GSMA: Europe’s Mobile Markets Are the Least Concentrated

European mobile operators have long been pressing competition regulators to look more favourably on consolidation, like the recent merger in the UK between Vodafone and Three.
A new report by GSMA Intelligence provides them with plenty of useful ammunition.
It states that on average European mobile markets are the least consolidated globally, as measured by the Herfindahl-Hirschman Index (HHI) or by C2 (the combined share of the two largest operators). Because of this, GSMA, states that “European operators are structurally sub-scale compared with leading mobile connectivity markets.
“Consistent with this, Europe is also the only major region where in-market concentration has not increased accordingly during the mobile data era, which is the period when scale matters most.”
It goes on to say that this is adding to a widening gap with ‘5G leaders’ in other regions.
The global picture
When looking globally from the end of 2017 onwards, there has been a net drop in the number of mobile operators in 35 countries, while this has risen in 23 countries.
This story is more dramatic when viewed on a connection basis, with about 2.9 billion connections being present in consolidating markets, while just 0.55 billion were in ones where the number of mobile operators rose.
However, Europe has typically bucked this trend, as some mergers were prevented. In addition, when they did go through, structural remedies “in some cases diluted the potential scale-driven efficiency benefits that initially motivated the transaction”.
The power of three
The report also says that since 2016, European operators in three-player markets have invested nearly 50% more per connection than those in four-player ones.
This investment translates into a better mobile experience: around 15% faster download and upload speeds, along with more 5G coverage and greater 5G adoption.
This is despite “prices in more concentrated markets remaining broadly in line with those in less concentrated ones”.
The report’s authors state that a three-player structure is where investment incentives are strongest, with network speeds following a similar pattern.
According to their study of consolidation and new entrant events, going all the way back to 2010, when the number of mobile operators in a market drops, operator capex per connection goes up by around 33 to 45%.
In addition, such moves, once network integration has happened and any concurrent investments have been deployed, lead to faster network speeds.
The story is largely the reverse when new entrants come in, including “smaller and less consistent price reductions than those observed after consolidation”.
5G SA needs deep pockets
The report argues that the high amount of investment required to switch to 5G standalone access (SA) core networks and roll out dense 5G networks, combined with the relatively slow uplift operators have seen from the 4G to 5G transition, makes return on 5G investment very sensitive to the size of operators’ subscriber bases.
When the GSMA analysed data from 15 European operator groups, representing more than two-thirds of the region’s mobile market revenue, it found that about half “struggled to maintain return on capital employed above their weighted average cost of capital”.
It goes on to note that as of Q4 2025, no European market included in the 5G Connectivity Index had reached 5G SA adoption of over 10%, while China leads globally with 81%, followed by India with 52%, Singapore with 41% and the US with 32%.
Advice for policy-makers
"A more modern understanding of effective competition in a capital-intensive infrastructure market is long overdue," says Joakim Reiter, Chief External & Corporate Affairs Officer at Vodafone Group, in a blog about the report.
"Competition in mobile is increasingly driven by network quality, coverage, reliability and capability, not only by short-term price movements.
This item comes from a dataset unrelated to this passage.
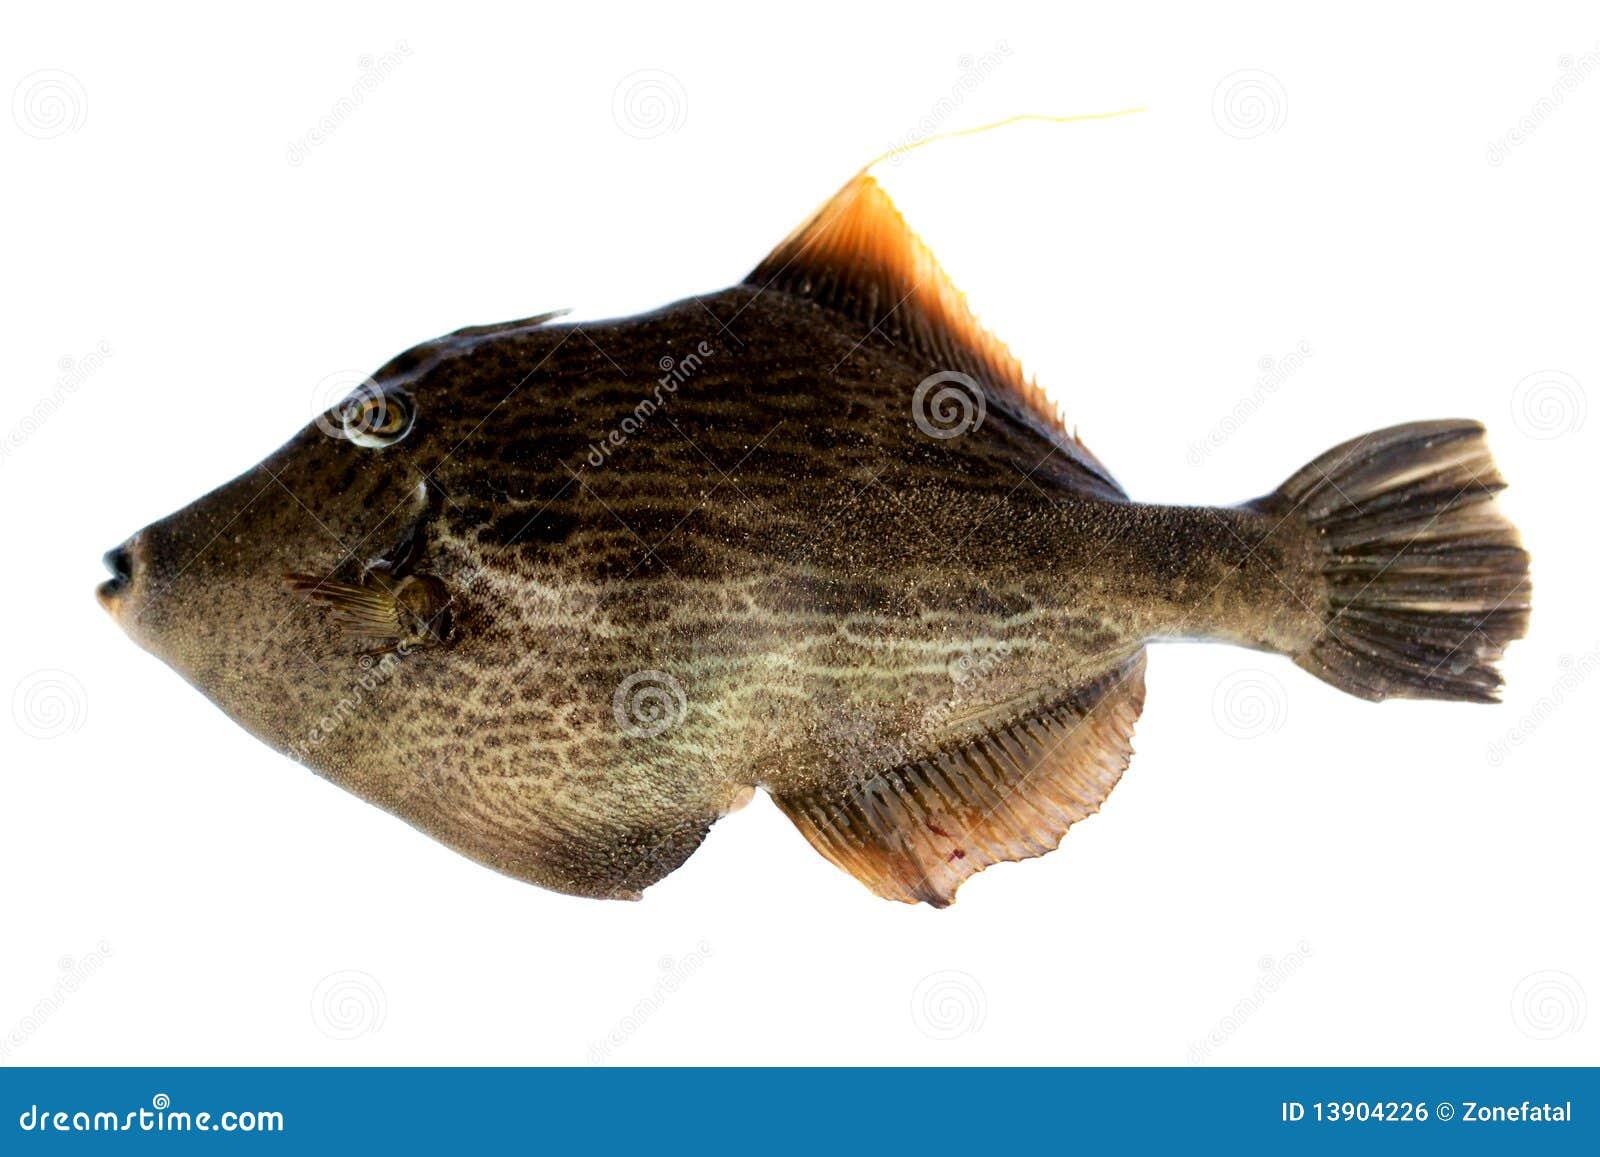 Pig Fish Royalty Free Stock Image - Image: 13904226

A merger assessment that looks mainly at operator count misses the dynamic effects that matter most to consumers and businesses over time."
The report concludes by saying: “Policy should therefore focus less on operator count and more on whether operators can achieve efficient scale. Markets with fewer, well-capitalised operators consistently deliver higher investment per connection and better network outcomes than markets with a larger number of sub-scale operators.
“Maximising the number of competitors as an objective without considering dynamic factors that drive longer-term consumer welfare risks undermining long-term quality, coverage and affordability goals.
The report’s conclusion recommends that European regulators look beyond price considerations when mulling over mobile market M&A.
“This has direct implications for horizontal merger assessments. Competition policy in mobile markets must explicitly recognise dynamic competition effects – that is, how mergers affect investment incentives, financial sustainability and competition on network quality over time," it states.
“Static, price-centred analysis is inadequately suited to capital-intensive sectors. The evidence in Europe shows that when dynamic effects are properly considered, consolidation can strengthen effective competition and improve consumer welfare in the mobile data and 5G era.”